The following post was written by Laura vanHofwegen, a Classical Conversations Support Representative, about her and her son’s experience with Faces of History.
Faces of History: What is It?
Faces of History, a research paper and presentation, is a pinnacle assignment culminating each year of our Essentials program. Choosing a historical character to research, the student writes a five-paragraph research paper after selecting sources, exploring topics, and practicing their writing skills developed over the course of the academic year. Students plan costuming and prepare oral presentations based on these papers, often speaking from first-person perspectives. Finally, families gather together in community and celebrate these presentations together as the capstone event of the Essentials year.
Peace Over Panic
“…But don’t you step on my blue suede shoes,” blared out of a portable speaker on a makeshift stage while a jumpsuit-clad figure, tapping his foot and glancing over the top of his over-sized reflective sunglasses, brushed a coiffed hank of black synthetic hair from his forehead.
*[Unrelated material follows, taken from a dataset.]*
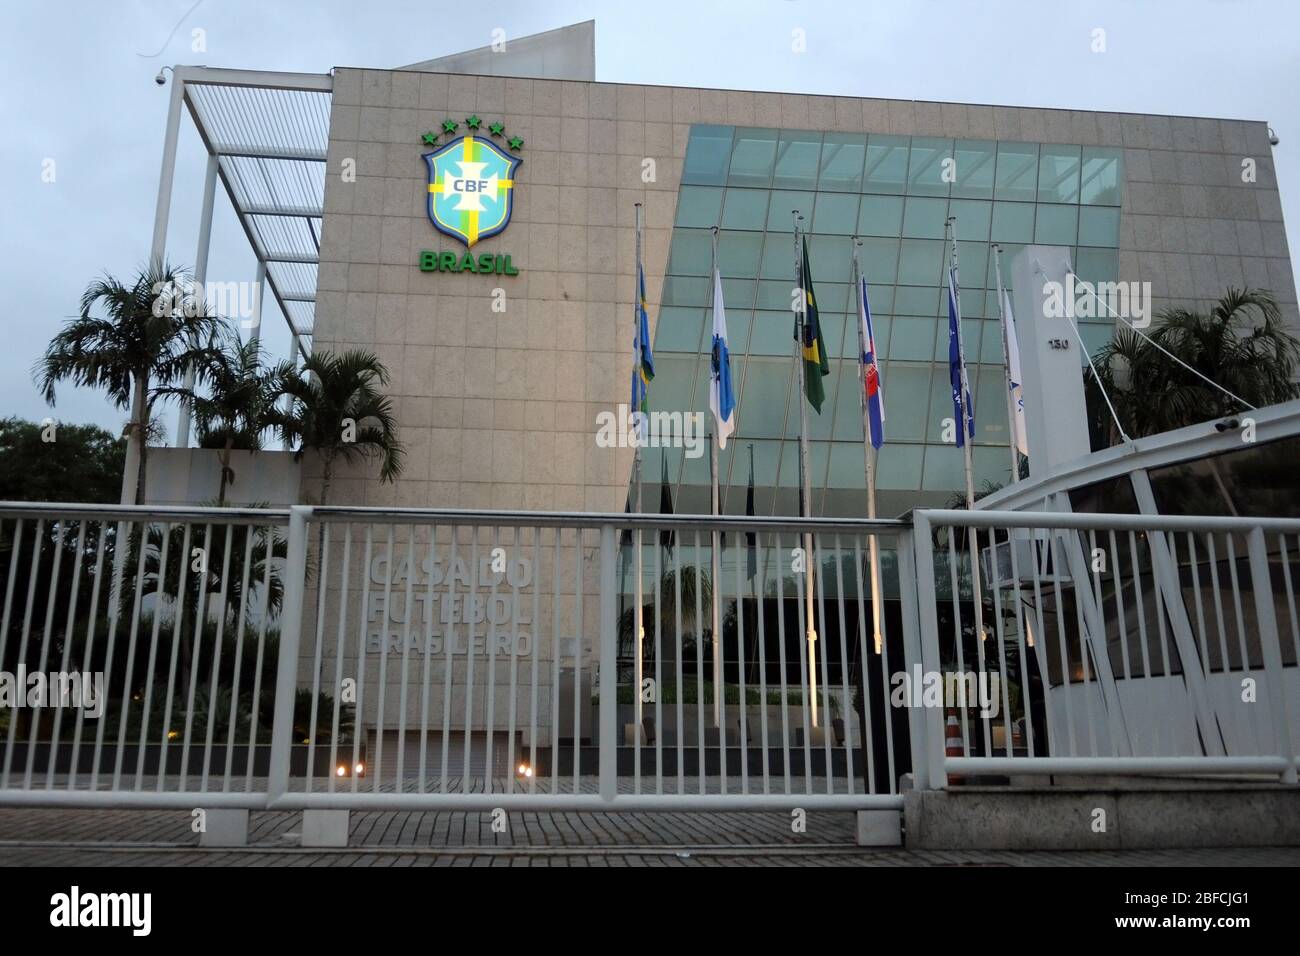 Rio de Janeiro, Brasile, 17 aprile 2020. Sede centrale CBF. La Confederazione di calcio brasiliana è la più alta entità di calcio in Brasile, situata in Foto Stock

Insecure about such presentations and initially dreading the day, my second son came alive that afternoon, not as himself, but as Elvis Presley. To the audience, Elvis himself recited three minutes of first-person testimony. To me, my precious 10-year-old boy brought his best. And the previous four weeks of diligent — sometimes painful — effort flashed through my mind.
In March, there was fear and panic. How could my timid boy succeed? By April, there was rest. How did we come to a place of peace? Looking back, I am now reminded of a beautiful quote from Louisa May Alcott’s Little Women, “I am not afraid of storms, for I am learning how to sail my ship.” Learning to proceed in peace (not panic) took deliberate thought. Clear instruction, an opportunity for practice, and measurable expectations early on helped us to ease my son’s fears. The Faces of History project is not to be missed, for storms like these are weathered by practicing the process — learning to sail our ships.
Process Over Product
In TeachingWriting: Structure and Style, Andrew Pudewa, founder of the Institute for Excellence in Writing (IEW), comments, “Teaching a skill is more about process, less about product.”
But wait — isn’t the Faces of History project all about the final product? The final presentation? Recently, I asked my same son, now four years older, to remember that first Faces of History project. Interestingly, instead of recalling the presentation itself, he mentioned, “Boy, it was a challenge to find good research sources, but I sure did love fusing those outlines!” He continued reflecting on some of the key skills he had practiced during the multi-week assignment, including not only choosing sources and penning outlines, but also composing, editing, and adapting the research paper into a first-person oral presentation… completely memorized!
I internally cheered. Yes! These steps and skills are developed over the course of the entire academic year — indeed, over the course of the three years a student typically spends in the Essentials program. Diligent, intentional commitment to the steps, cycle after cycle, leads to mastery and confidence.
My son, now in the Challenge program, continues to use these skills on a weekly basis. We might hardly remember the final Elvis presentation today, but there is tremendous and lasting value in faithfulness to the process as there is tremendous and lasting value in learning to sail our ships.
Play Over Perfection
Children like to do what they know how to do. Decide with your student: Where are we aiming our ladder? Are we aiming for the “perfect” presentation or are we committing to the enjoyment of a process? To gaining skills adeptly? To practicing perseverance along with pleasure?
Children effectively learn through play without the expectation of perfection. Modeling this big-project progression one small rung at a time makes a large assignment manageable, and we as parents can rest and enjoy the process when the focus is on experiencing the project parts for what they are and, more importantly, the souls of our children for what they are.
According to Dictionary.com, the origin of the verb “to play” comes from an Old English word meaning, in part, “to leap for joy, rejoice.” One joy of this project is that it doesn’t have to be so serious. We ditched the expectation of perfection and instead applied some creativity while continuing to work within the established framework. My boy’s Elvis presentation was far from perfect but viewing this project as play leading up to it was priceless. We slowed down, rejoiced in the small victories along the way, and loved our son. We celebrated then, and we celebrated the next year while repeating the process again (Poseidon!) and again (Shakespeare!) during his final Essentials tour.
Faces of History: A Project Worth the Investment
Parents, your investment in the skills gained by stepping deliberately through this multi-week, multi-step assignment is not in vain. At the culmination of Faces of History, ask yourself: Is my student the same person he was when we began? Am I? Look ahead with expectancy and relish the gift we grasp by walking alongside our children through character-developing assignments like Faces of History. Rest in peace, utilize the process, and incorporate play.
My timid boy was not afraid in the end; he was and is learning to sail his ship. I knew it was so when he clomped off the stage in his blue suede (spray-painted) shoes and his curled lip uttered assuredly, “Thank you, thank you very much!”